3.35 A lack of appropriate interview space is also a problem for ACT2Care case conferences. Inspectors witnessed a case conference which occurred over a weekend and was held in the laundry. The case conference was conducted whilst staff and the prisoner were standing around a table. Although the staff were able to build an excellent rapport with the prisoner and get him to speak openly, this is not an appropriate environment in which to conduct a case conference.
3.36 The local Suicide Risk Management Group ( SRMG) meets on a regular basis and inspection of the minutes indicates good attendance and appropriate topics discussed. Samaritans and Listeners attend SRMG meetings.
3.37 Overall, Inverness provides a safe and supportive environment for prisoners, and suicide risk management procedures, even if somewhat risk averse, are able to support vulnerable prisoners through a crisis.
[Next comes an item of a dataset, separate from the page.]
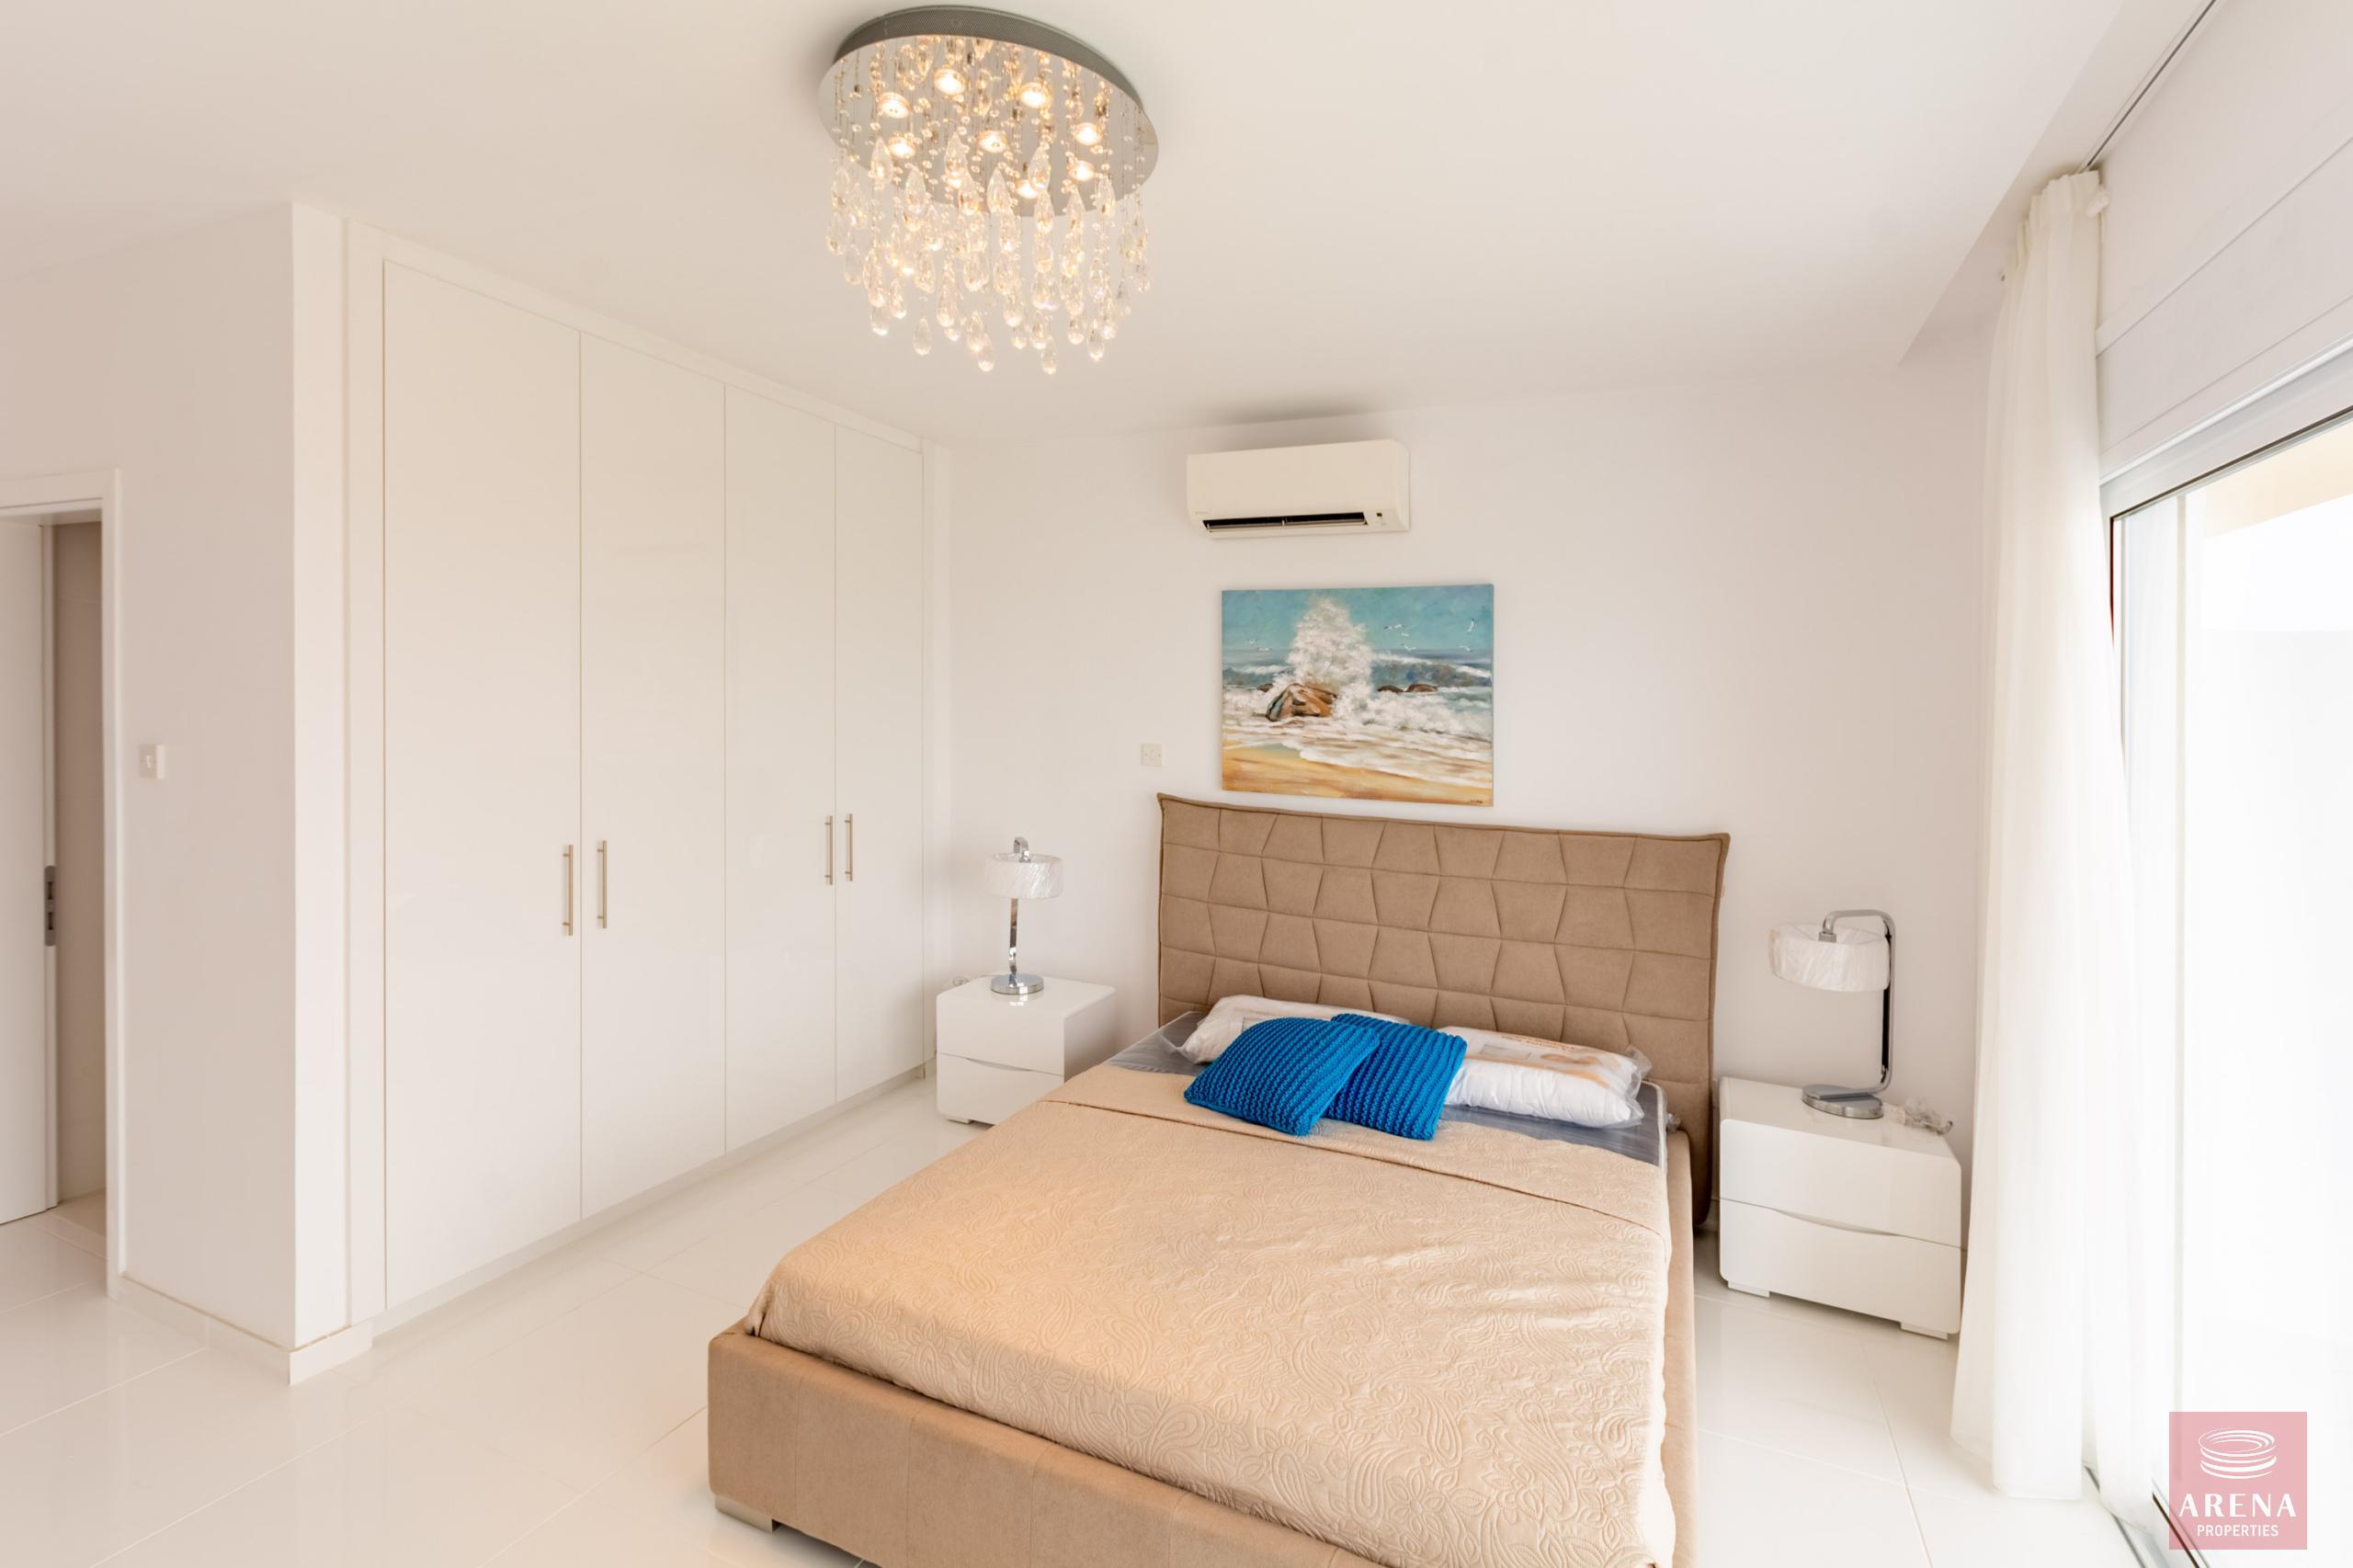 Apartment in Ayia Triada to buy - bedroom

3.38 Prisoners regularly reported that the prison was safe. Vulnerable prisoners who tend to feel less safe reported that staff ensured they were not verbally or physically abused. In the current year to the inspection there had been two prisoner-on-prisoner assaults against a target of one. In the previous year there was one prisoner-on-prisoner assault. Most assaults are a consequence of something which has happened in the community. Improved liaison with the police means that information is often received which allows preventive action to be taken.
3.39 The last reportable prisoner-on-staff assault was two years ago. The number of prisoner removals under restraint showed a slight increase in the current year over the previous one. In 2006 the monthly average was 1.5 per month whilst in the year up to the inspection there was a monthly average of 1.9. Planned removals are not video recorded. This should be addressed. Handcuffs have not been used in the past two years.
3.40 All allegations of staff-on-prisoner assaults are reported to the police for investigation.
3.41 Night duty cover is provided by a group of permanent night duty staff who have built up a high level of experience and expertise. A comprehensive set of night and emergency instructions are available. However, some of the instructions and paperwork in the night folders are outdated. This should be addressed.
3.42 None of the night duty staff are trained in first aid but all have a current competence in "first on the scene" procedures which includes emergency resuscitation.
3.43 Night duty staff displayed a good knowledge of procedures, and inspectors were satisfied that they could deal effectively with a range of potential situations which might occur during the night.